Валентин молча кивал головой. Crescendo перешло в порывистое forte,
Маринины ногти чуть слышно царапали клавиши.
Валентин встал и изящно перелистнул страницу, потрепанную, словно
крылышко у измученной ребенком лимонницы.
Ноктюрн начал угасать, Марина чуть тронула левую педаль, сбилась,
застонала, морщась, и нервно закончила.
Мягко положив ей руку на плечо, Валентин вынул мундштук изо рта:
-- Вполне, вполне, милая.
Она засмеялась, тряхнув волосами и грустно вздохнула, опустив голову.

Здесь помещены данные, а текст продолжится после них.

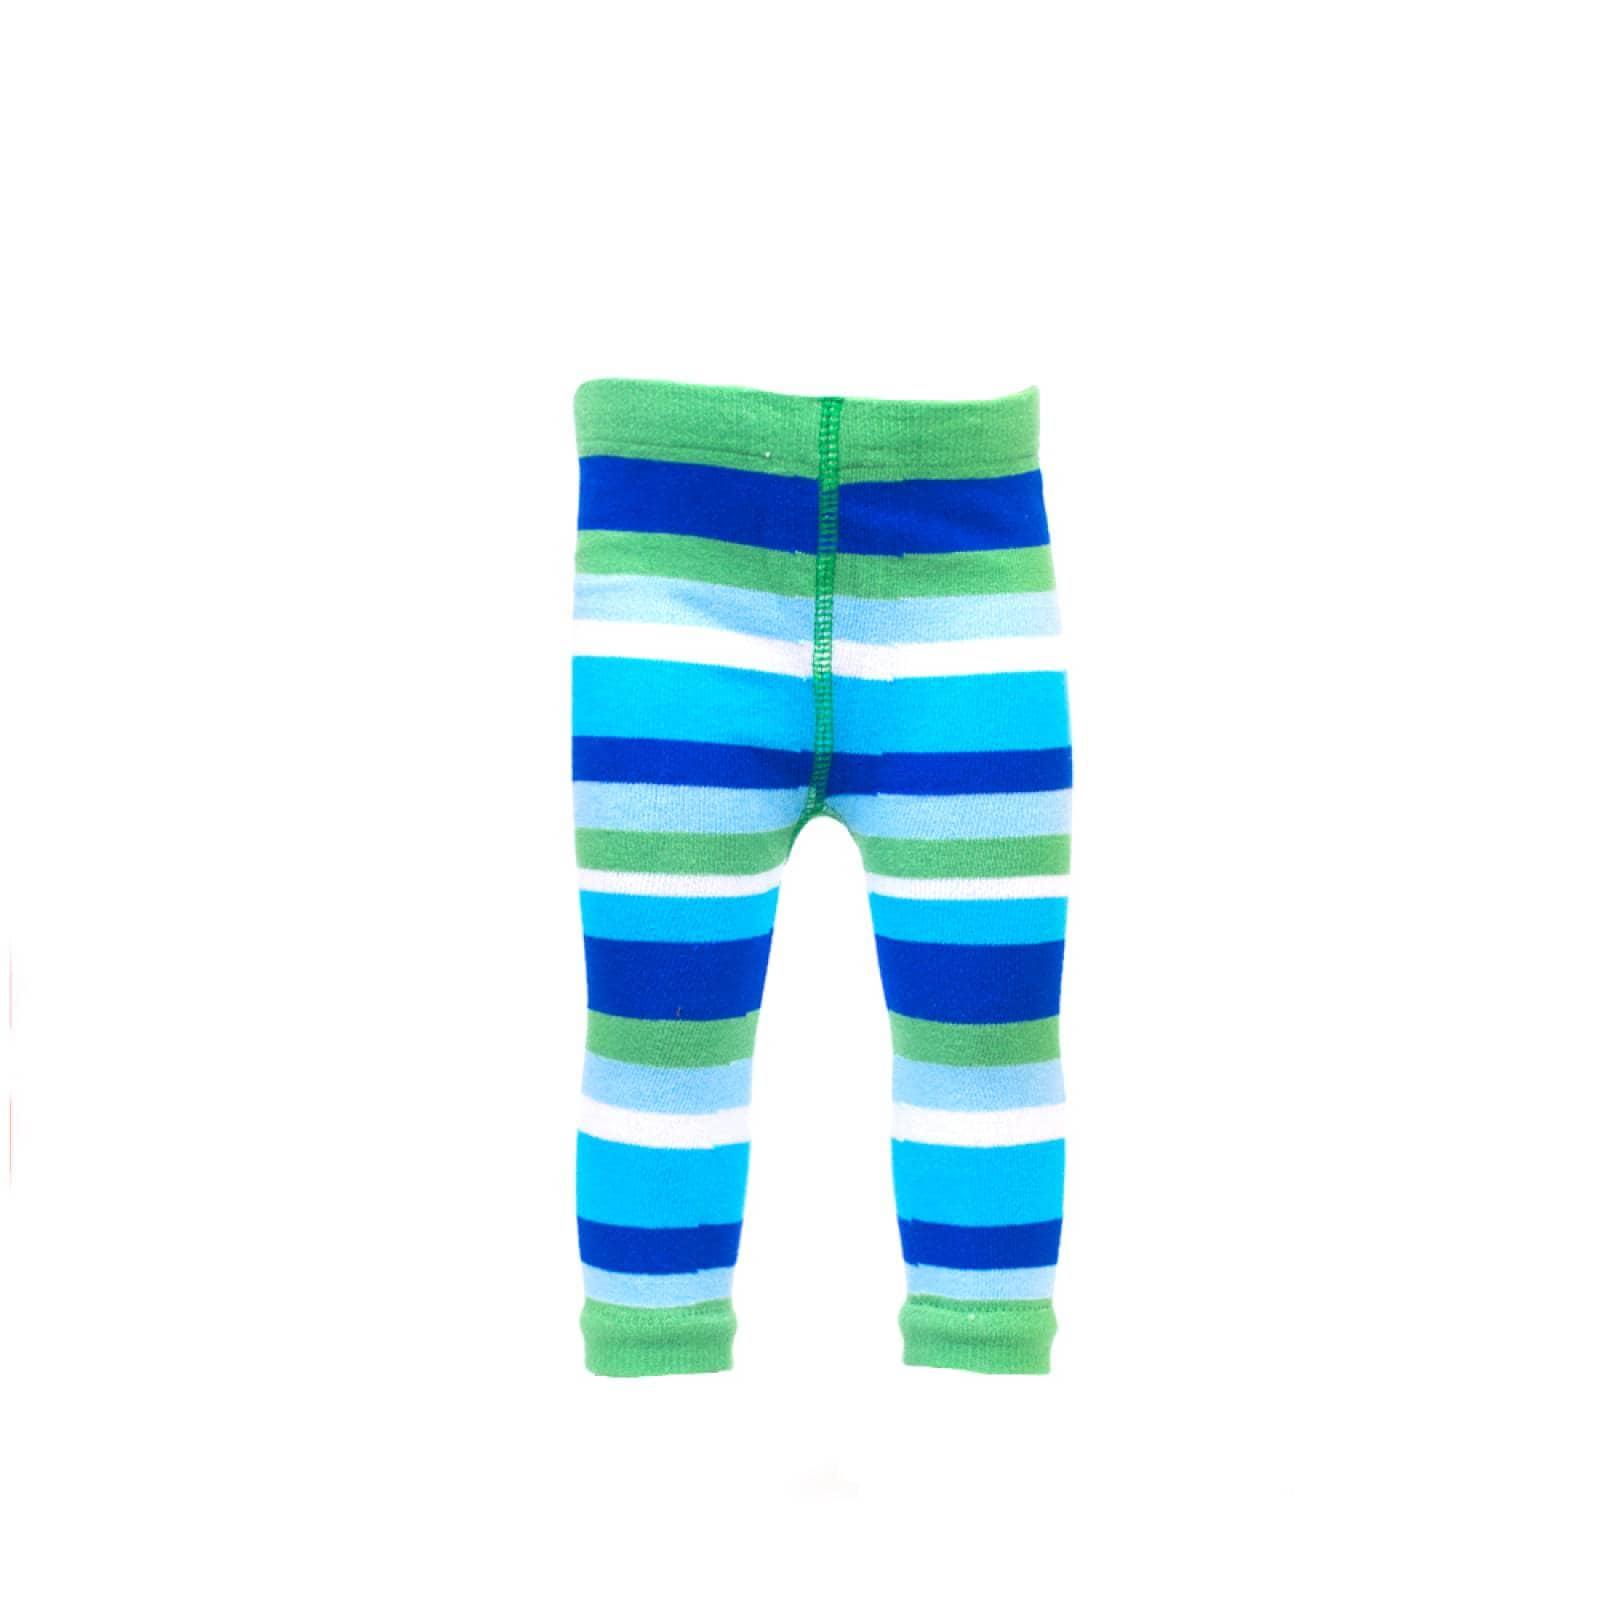 Legging Rayas Estampado Mounstrito algodón 24-36 Meses Baby room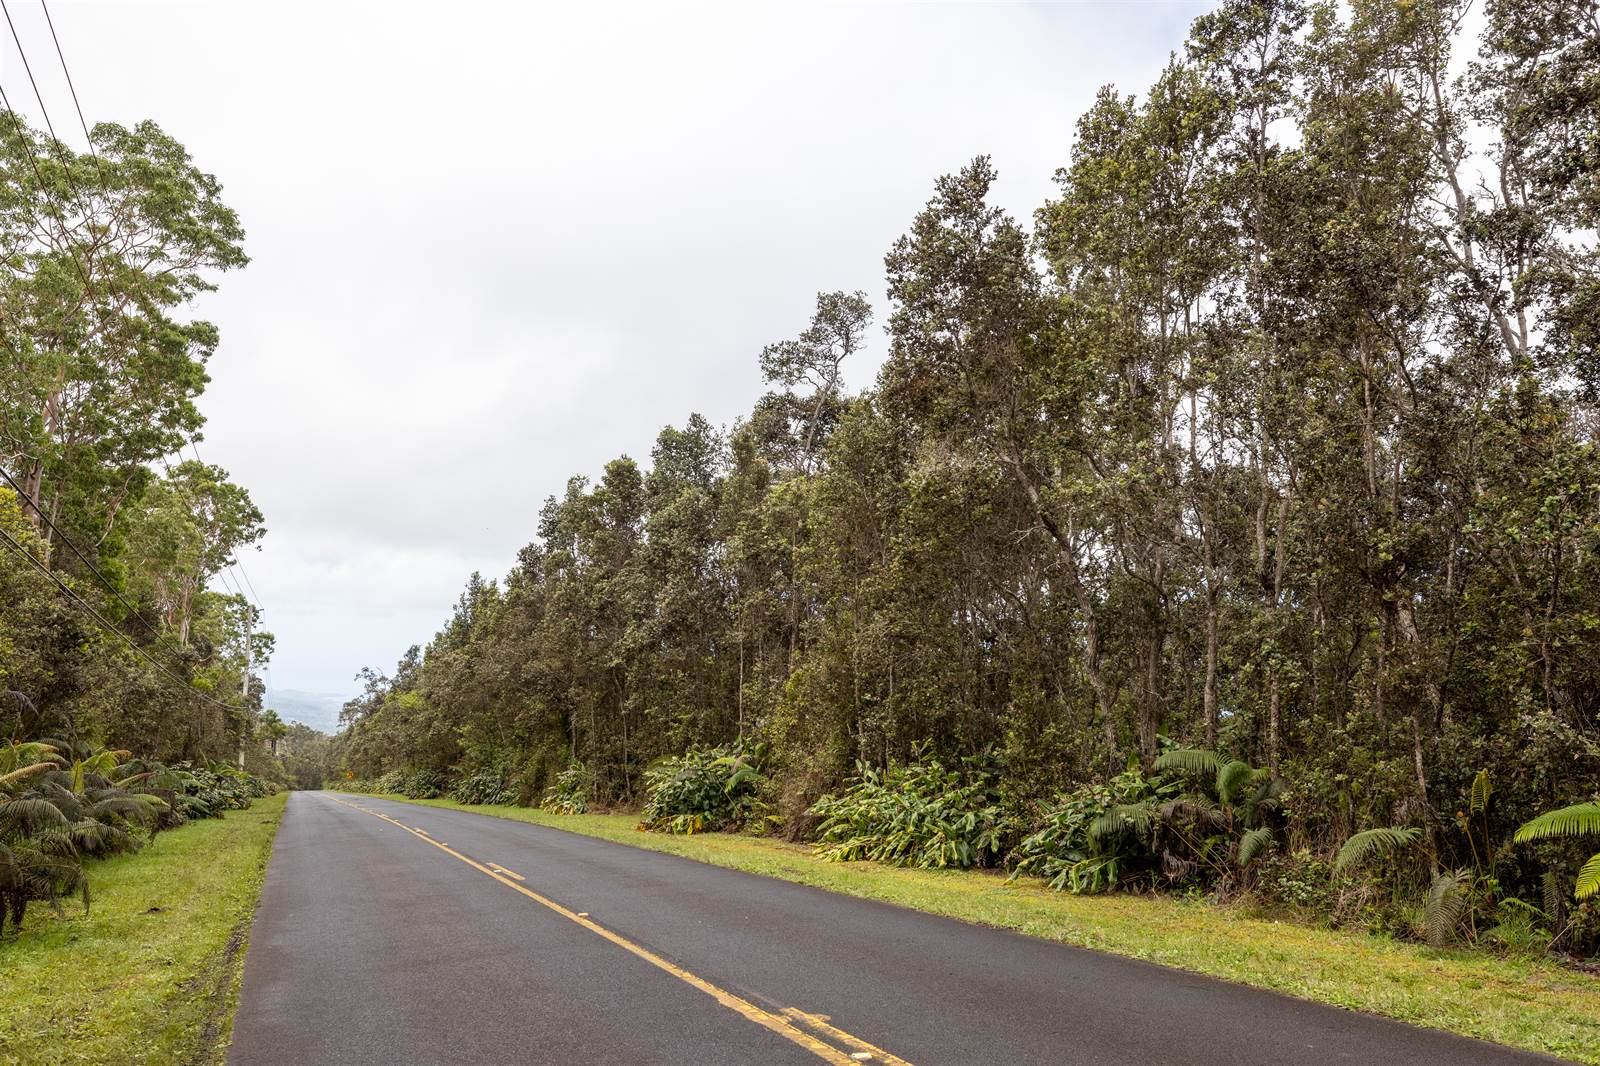 73-2335 Kaloko Drive, Lot 3-A, Kailua-Kona, HI 96740

-- Нет, серьезно. -- он повернулся, бросил незатушенный окурок в
пепельницу, -- Шопеновский нерв ты чувствуешь остро. Чувствуешь.
-- Спасибо.
-- Только не надо проваливаться из чувств в чувствительность, всегда
точно знай край. Теперь большинство его не ведает. Либо академизм, сухое
печатанье на машинке, либо сопли и размазня. Шопен, милая Марина, прежде
всего -- салонный человек. Играть его надо изысканно. Горовиц говорил, что,
играя Шопена, он всегда чувствует свои руки в манжетах того времени. А
знаешь какие тогда были манжеты?
-- Брабантские?
-- К чорту брабантские. Оставим их для безумных гумилевских капитанов.
В первой половине девятнадцатого носили простые красивые и изысканные
манжеты. Так и играй -- просто, красиво, изысканно. И ясно. Непременно --
ясно. И, голубушка, срежь ты коготки свои, страшно такими цапками к роялю
прикасаться. А главное -- постановка руки меняется, тебе ясный звук труднее
извлекать.
-- Саша говорит, что мне идут... Пролам и с такими ногтями играть
можно...
-- Пролам можно, а мне нельзя. Он осторожно сжал ее плечо:
-- Пусти, я сыграю тебе.
-- Этот же? Сыграй другой.
-- Все равно...
-- Я найду тебе щас..., -- потянулась она к нотам, но Валентин мотнул
головой, -- Не надо. Я их помню.
-- Все девятнадцать?
-- Все девятнадцать. Сядь, не стой над душой.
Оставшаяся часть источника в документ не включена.